Microsoft announced the biggest layoffs in its 39-year history Thursday, outlining plans to cut 18,000 jobs in a move that marked the CEO's sharpest pivot yet away from his predecessor's drive for the company to make its own devices.
Although some cuts had been expected ever since Microsoft acquired Nokia's mobile-device unit, the number amounted to 14 percent of the Microsoft workforce — about twice what analysts had estimated.
The cuts will include some 12,500 jobs associated with the Nokia unit — nearly half of the 28,000 employees Microsoft brought on board in April through the acquisition.
When the cuts are complete, the company will still have about 10,000 employees from the Nokia acquisition, bringing its overall headcount to 109,000.
In a public email to employees, CEO Satya Nadella said the changes were needed for the company to "become more agile and move faster." The move also pushes Nokia to focus solely on the Windows Phone operating system.
Nadella is clearly backing away from former CEO Steve Ballmer's strategy of getting Microsoft to make its own smartphones and tablets.
"He's making a pretty serious game-changing strategy move away from hardware," said Michael Turits, managing director of equity research for financial services company Raymond James & Associates.
Nadella indicated that Microsoft will largely abandon low-price Nokia Asha phones — which work on their own non-Windows operating system — and reverse a strategically questionable move by Nokia in February to launch a line of phones called "X'' that supported rival Google Inc.'s Android platform.
"To win in the higher price tiers, we will focus on breakthrough innovation that expresses and enlivens Microsoft's digital work and digital life experiences," Nadella said in the memo.
Some 1,350 Seattle-area workers around Microsoft's Redmond, Washington, headquarters were laid off Thursday, as were 1,800 workers in Hungary and nearly 370 in San Diego. The Nokia cuts include 1,100 jobs in Finland.
In addition, the company is closing its Xbox Entertainment Studios, a 2-year-old venture based in Santa Monica, California, that produced original video content but was seen as separate from Microsoft's core business.
Microsoft Corp. expects charges of $1.1 billion to $1.6 billion over the next four quarters, largely for severance payments. The move puts the company on track to meet the target it set in September, when it announced the Nokia purchase, of saving $600 million in annual costs within 18 months after the deal closed.
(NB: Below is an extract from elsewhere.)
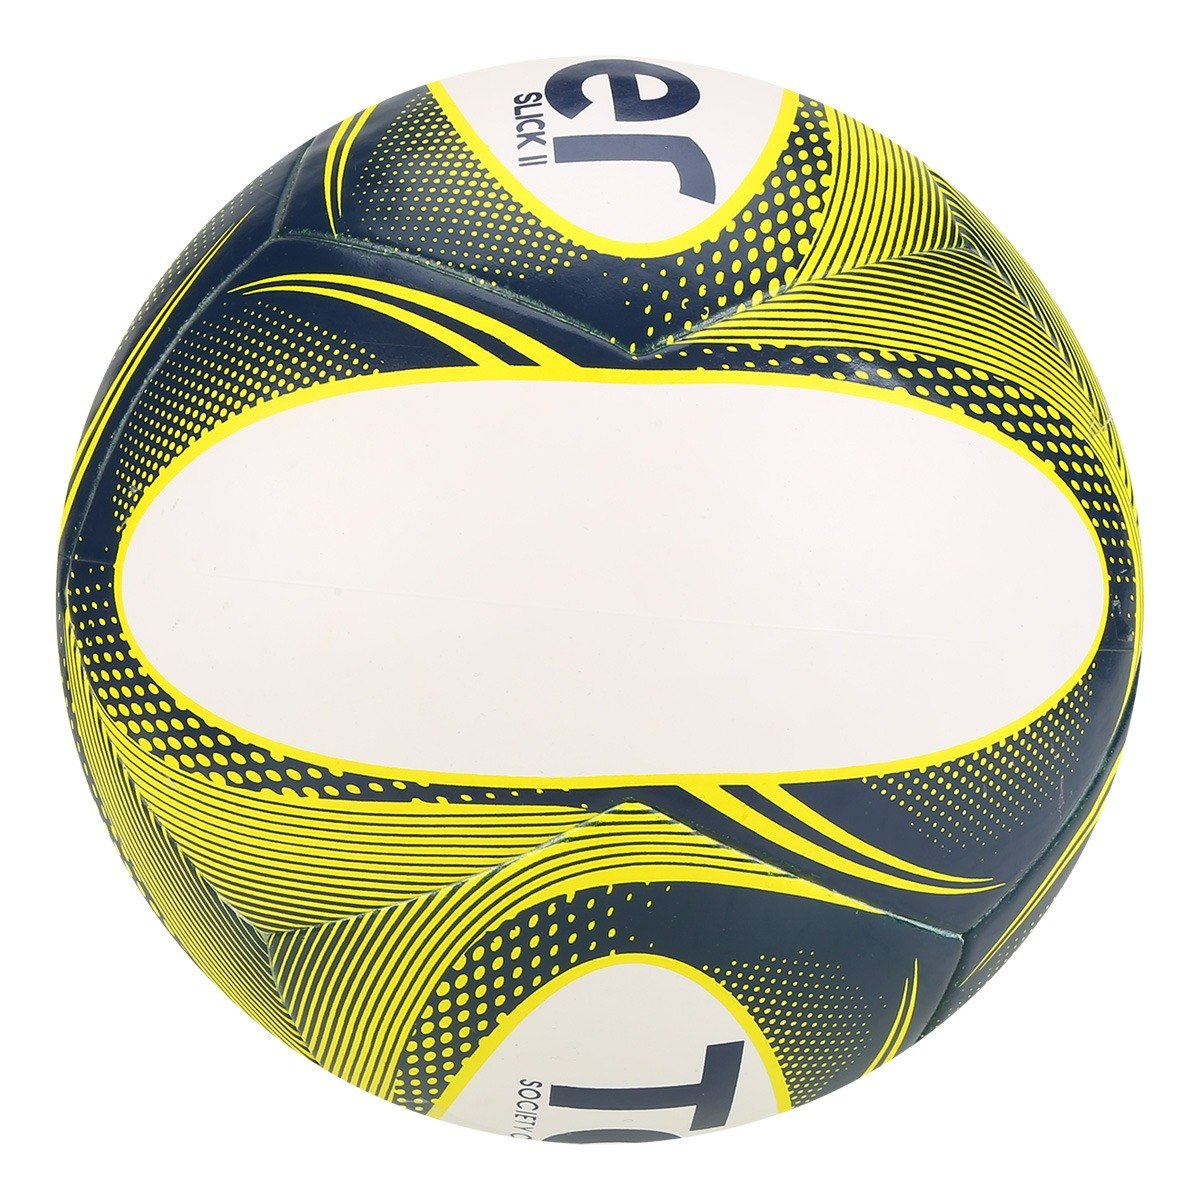 f00d1166d6 Bola Futsal Topper Slick Ii - Original - R  55

Ballmer announced the Nokia deal a month after he said he was resigning.
FBR Capital Markets analyst Daniel Ives said the cuts were about double what Wall Street was expecting.
"Microsoft needs to be a leaner and meaner technology giant over the coming years in order to strike the right balance of growth and profitability around its cloud and mobile endeavors," he said.
The move dwarfs Microsoft's previous biggest job cut, when it eliminated about 5,800 jobs in 2009. That was the company's first widespread layoff.
Microsoft has been shifting its focus from traditional PC software to cloud computing and cloud-based products like its Office 365 productivity software that can operate on mobile devices.
With its $7.3 billion acquisition of Nokia's cellphone business, Microsoft had sought to meld its software and hardware business into a cohesive package, similar to rival Apple.
But investors had lingering doubts about the strategy, especially because the two brands' market share in smartphones and tablets was so far behind Apple and Samsung. According to the latest financials, the Surface and Nokia device units are both losing money.
Nokia phones ran a wide array of operating systems that were not helpful to Microsoft's Windows brand. The Asha operating system, for instance, lacked features like the ability to use mobile versions of Office software or even GPS mapping.
Soon after the deal was announced, Nokia's overall handset sales plunged 29 percent in the final quarter of last year, even as its high-end Lumia devices grew quickly.
The Nokia purchase "is not a deal that (Nadella) agreed upon or negotiated or perhaps really wanted," said Scott Kessler, senior equity analyst at S&P Capital IQ. "Secondly, it seems that the market has changed pretty significantly over the last year ... pretty traumatic cuts seem probably somewhat appropriate at this point."
In a letter to employees, Executive Vice President Stephen Elop said the company will drive sales of its Windows Phone by targeting the lower-price smartphone market with its Lumia devices.
A separate memo by a Microsoft executive in India posted by the BGR website said the company will stop engaging with developers on new apps for Nokia X, Asha and Series 40 phones, but maintain support for customers who own the phones.
In a blog post a week ago, Nadella hinted at the move, saying Microsoft had to "change and evolve" its culture for the "mobile-first and cloud-first world."
Nadella planned to provide more details when Microsoft reports fiscal 2014 results on Tuesday. He will also address staff Friday at a monthly question-and-answer session.
Shares of Microsoft closed up 45 cents, or 1 percent, to $44.53 on Thursday. The stock is up about 19 percent since the start of the year.